Condemn the Writer, Not the Writing

From The National Review:

Recent allegations of sexist misconduct against author Junot Díaz have reignited an old debate: Should we engage the work of artists whose personal conduct or belief systems are reprehensible? At the Washington Post, Sandra Beasly has weighed in on this question; she wonders whether she should “continue to teach the work of people we now suspect of behaving unethically or abusively.” Her answer to the question is nuanced, so I won’t attempt a brief and therefore unsatisfactory summary.

My response, though, is an unequivocal yes: We should read the books of flawed writers who produce great art.

. . . .

Between artists and the art they produce should be erected a large and nearly impenetrable wall. An author’s personal misconduct should not distract us from questions of literary merit — and neither should the sorts of obscenities that appear within the books themselves. When a novelist writes, he creates a voice, the voice of a narrator who does not exist in the real world. Such a voice must be judged on its own; it must be separated from its authorial creator and be given the freedom to explore even the more monstrous aspects of the human experience.

This insight about separating author from narrator seems to have been forgotten in much of the conversation surrounding Díaz. One writer called his books “sexist and regressive,” suggesting that we should refrain from reading that which our culture has deemed verboten. Having read most of Díaz’s fiction, I can confirm that there is certainly a great amount of misogyny depicted. That does not mean that his oeuvre as such encourages sexism, any more than Mark Twain’s Adventures of Huckleberry Finn serves as an apologia for slavery, any more than James Baldwin’s Giovanni’s Room endorses homophobia, or any more than Toni Morrison’s Song of Solomon promotes segregation. Twain, Baldwin, and Morrison are masters of their craft, able to depict bigotry and intolerance in all their vile and irrational glory; the same is true of Díaz.

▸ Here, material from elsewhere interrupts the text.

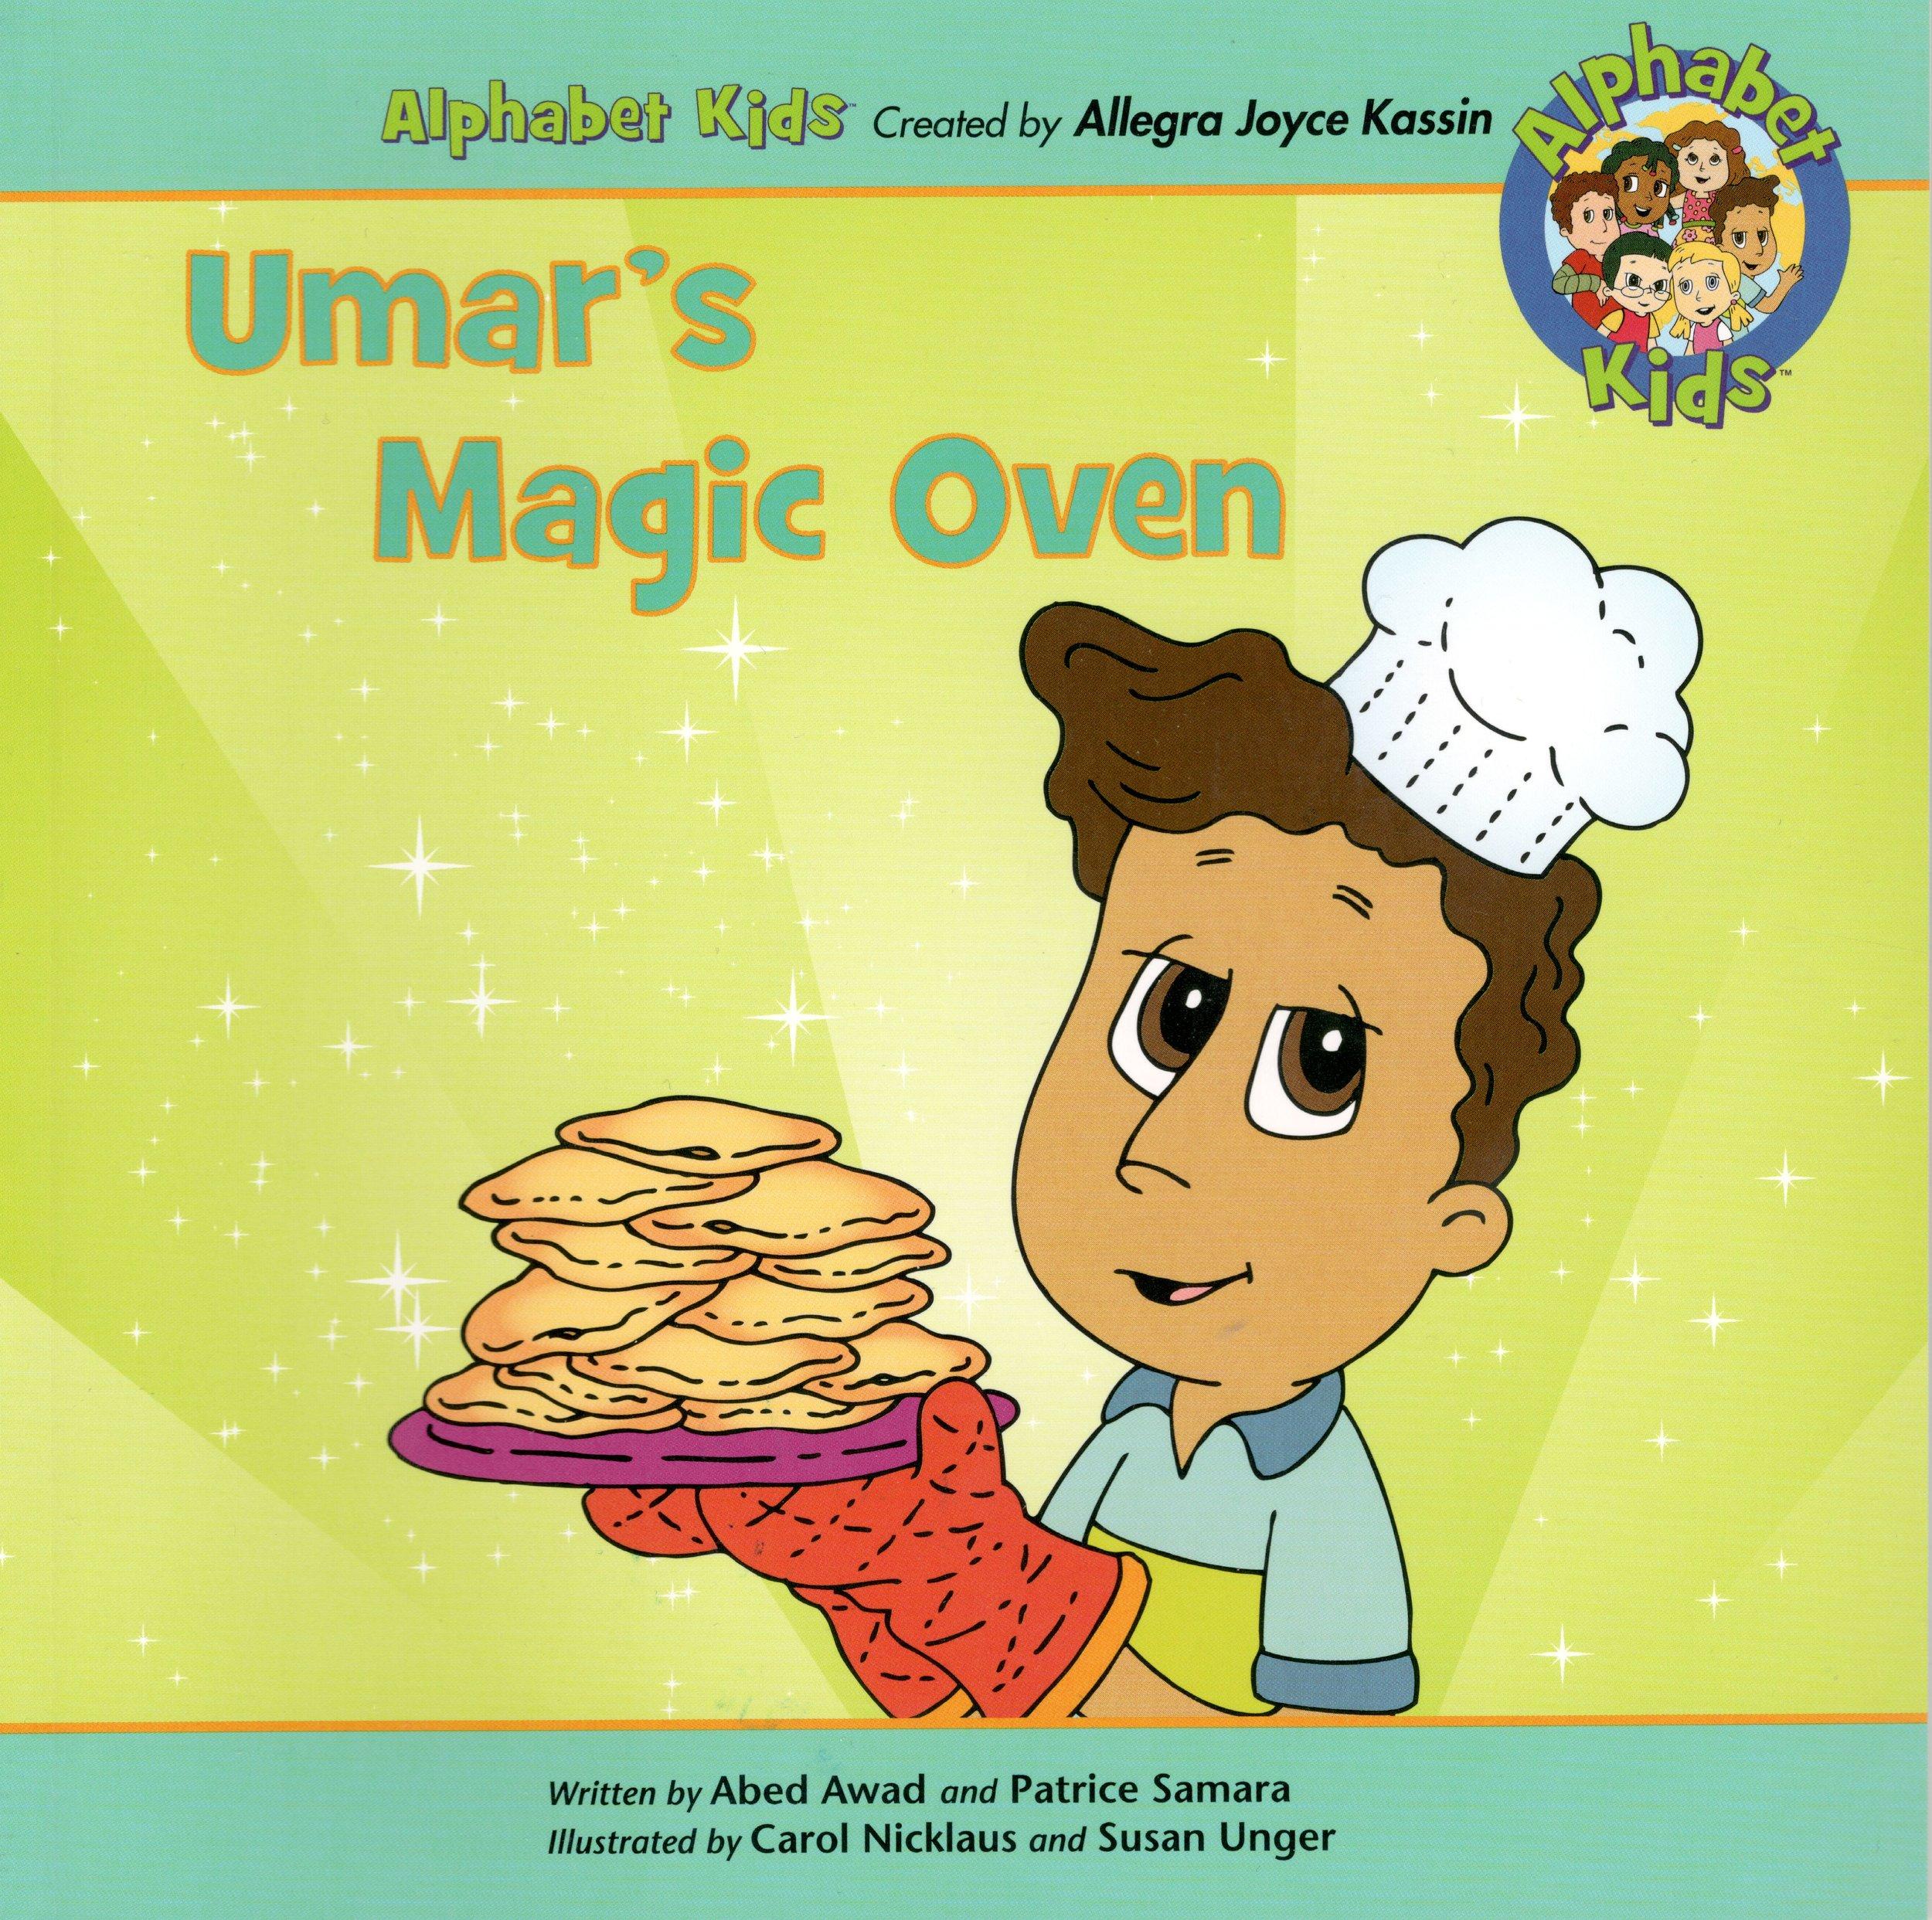 Umar's Magic Oven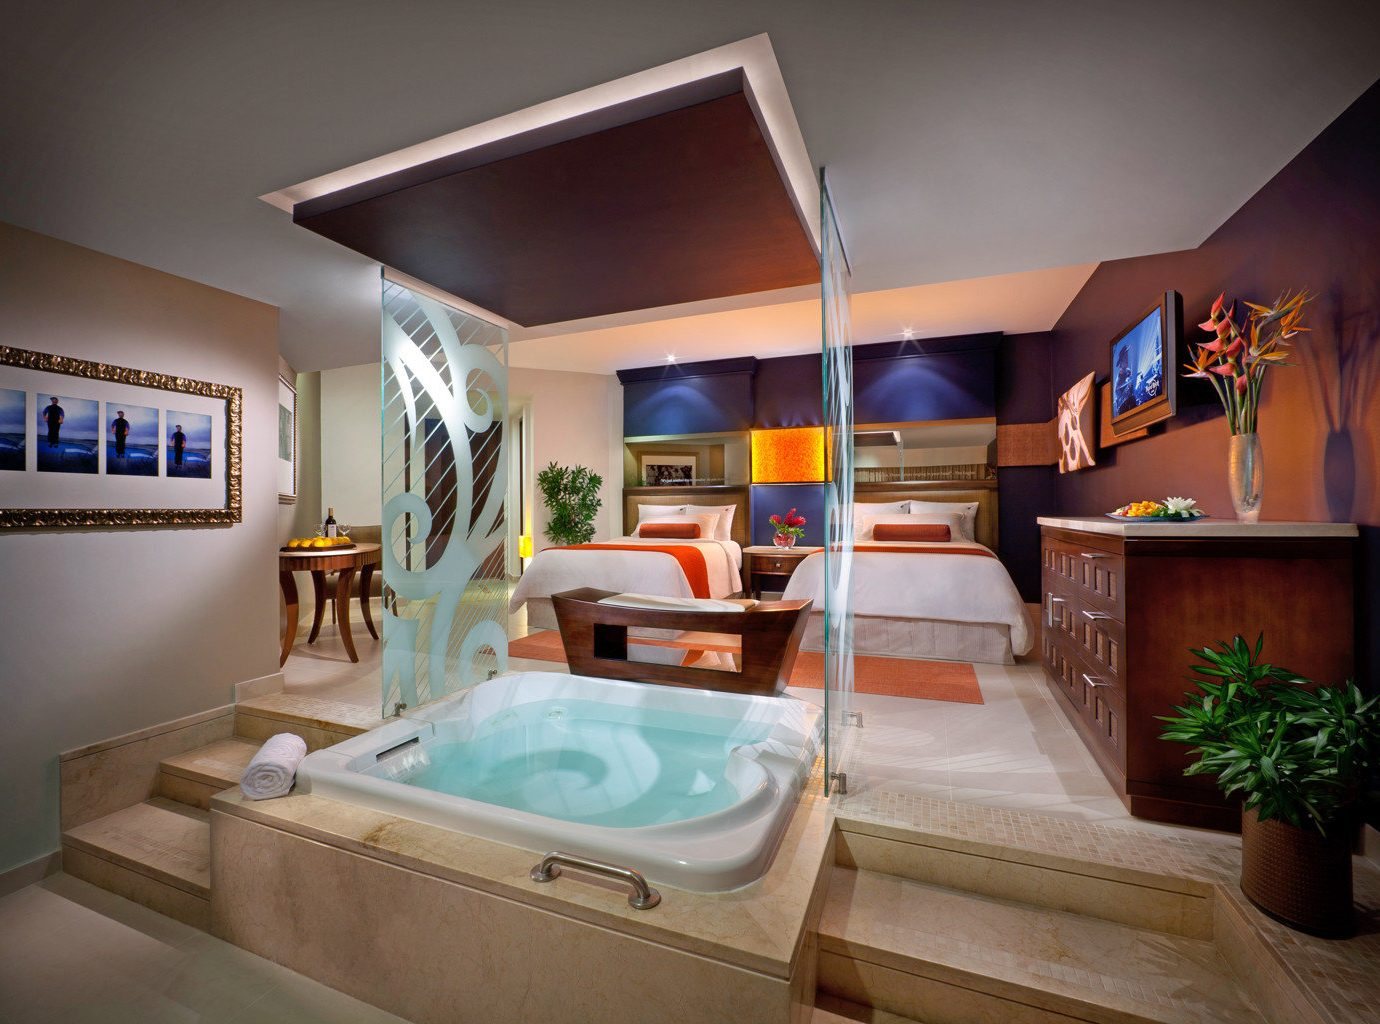 Bathroom with a hot tub at Hard Rock Hotel & Casino Punta Cana, Dominican Republic

We shouldn’t condemn authors for portraying the truth of life’s brutalities.

Feminist literary critic Roxanne Gay reviewed Díaz’s This Is How You Lose Her back in 2012. She got it exactly right: “The influence of [sexism] is plainly apparent throughout This Is How You Lose Her. Women are their bodies and what they can offer men. They are pulled apart for Yunior’s [the protagonist’s] sexual amusement. There’s nothing wrong with that, the fact that Yunior is a misogynist of the highest order . . . that none of the men in this book are very good to women. This is fiction and if people cannot be flawed in fiction there’s no place left for us to be human (emphasis mine).

. . . .

Dickens was a writer who cared deeply about the poor of England but was simultaneously contemptuous of the Indian victims of British imperialism. What are we to do with him? Should we read him because of his sympathy for the poor or dismiss him because of his racism? Neither, I argue; instead we should read him because he is a monumental figure in the history of British writing. And, of course, we can read him even as we keep in mind that he was a complex human, capable at the same time of making abominable moral judgments and of producing lasting works of fiction.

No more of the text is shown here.